Awwww, that brought a tear to my eye. Beautiful.

Emma

I feel your loss today, and I hope that bear hugs and bisous will ease your sadness.
Remember you are teaching Max about love, and that's the biggest lesson of all.

mamie

happy mama's day to you both.

PardonMyFrench

I've often thought that I've gotten glimpses of what your mother must have been like after watching you and Max. You guys do definitely know how to love each other and you are a natural mother.

The Bold Soul

Although I know you won't ever lose the sadness of missing your own mom, the best gift you can give Max (and his new brother or sister) is to NOT let your fears get in the way of living life fully with them, every day you are together.
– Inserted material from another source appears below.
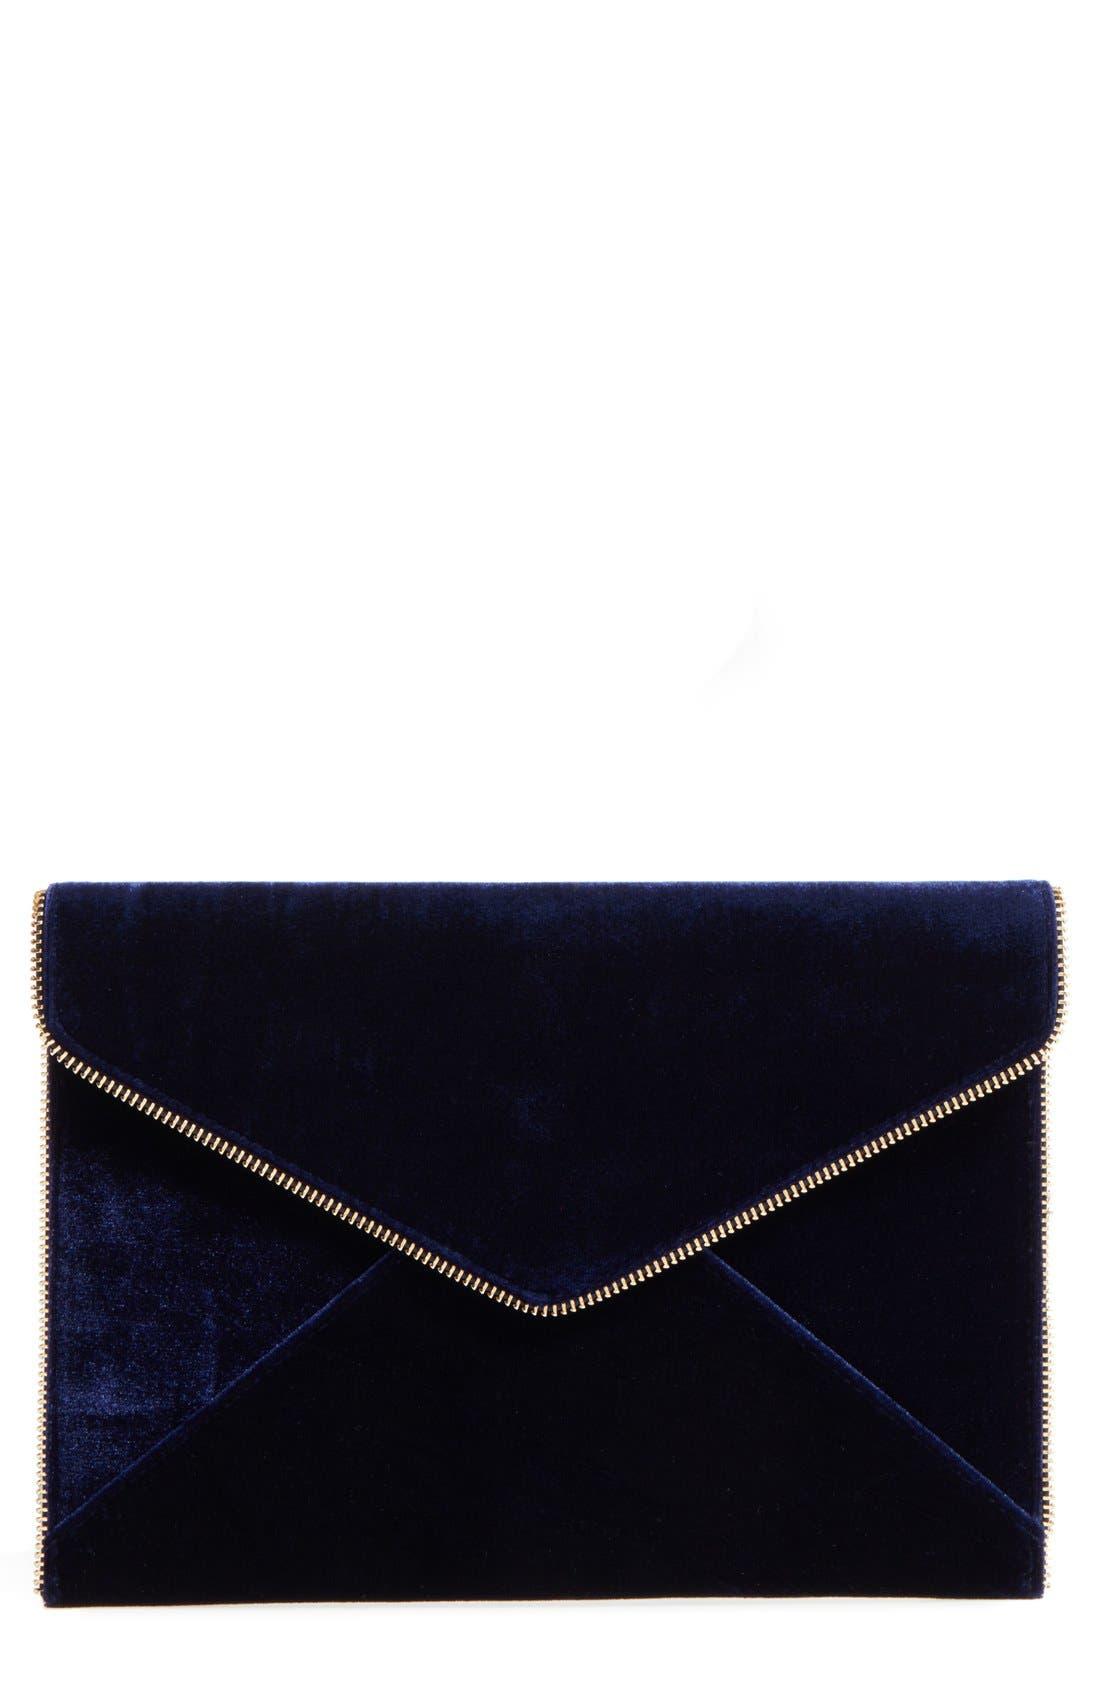 Alternate Image 1 Selected - Rebecca Minkoff Leo Velvet Envelope Clutch

Since we know we can't control the future, why waste time worrying? I know, easier said than done... I sometimes have fears of losing my husband before I've had a lot more time with him (like 30-40 years) and it overwhelms me, but I try and shake it off and bring myself back to the present moment, and just be happy NOW. It's the best I can do.

A Frugal Friend

For the first time in 3 years I've had a wonderful mother's day......only cried once but it was in the middle of a restaurant so I was a bit embarassed. I focused on a wonderful day with my little girl. I have the same fears too, but know that if she loves me as much as I loved my mom, it'll all be ok.

Divina

The thing is, the pain you feel now would not be so sharp if the love between you and your mom wasn't so enormously good. I think you're doing the right thing -- whenever you feel that tug on your heart, hold your Max and the new little one (coming soon!) a little tighter and for a little longer. You have a lovely family.

Mary Anne

:) (((((((hugs))))))

I know you miss her....I think we all do...I miss the things she could have taught Jack and Sarah, I miss her chastizing my mothering skills when she thought I was making mistakes, I miss her love for me, as her niece...but you keep on loving that boy, don't worry about anything and live life to the fullest...trust me, some mean kid some day will teach Max and baby Boo that life isn't fair...(and you will want to smash in the face of that kid.....really.)

love you

Mary Anne

Alice

What a simple, beautiful, incredibly heartfelt post, Aimée! I loved this so much... Hugs!

antipodeesse

Dear Aimée,

I know it's your birthday today (you share with Stella!), so Im sending you extra-special burpday wishes. Kisses to Max and Julien too!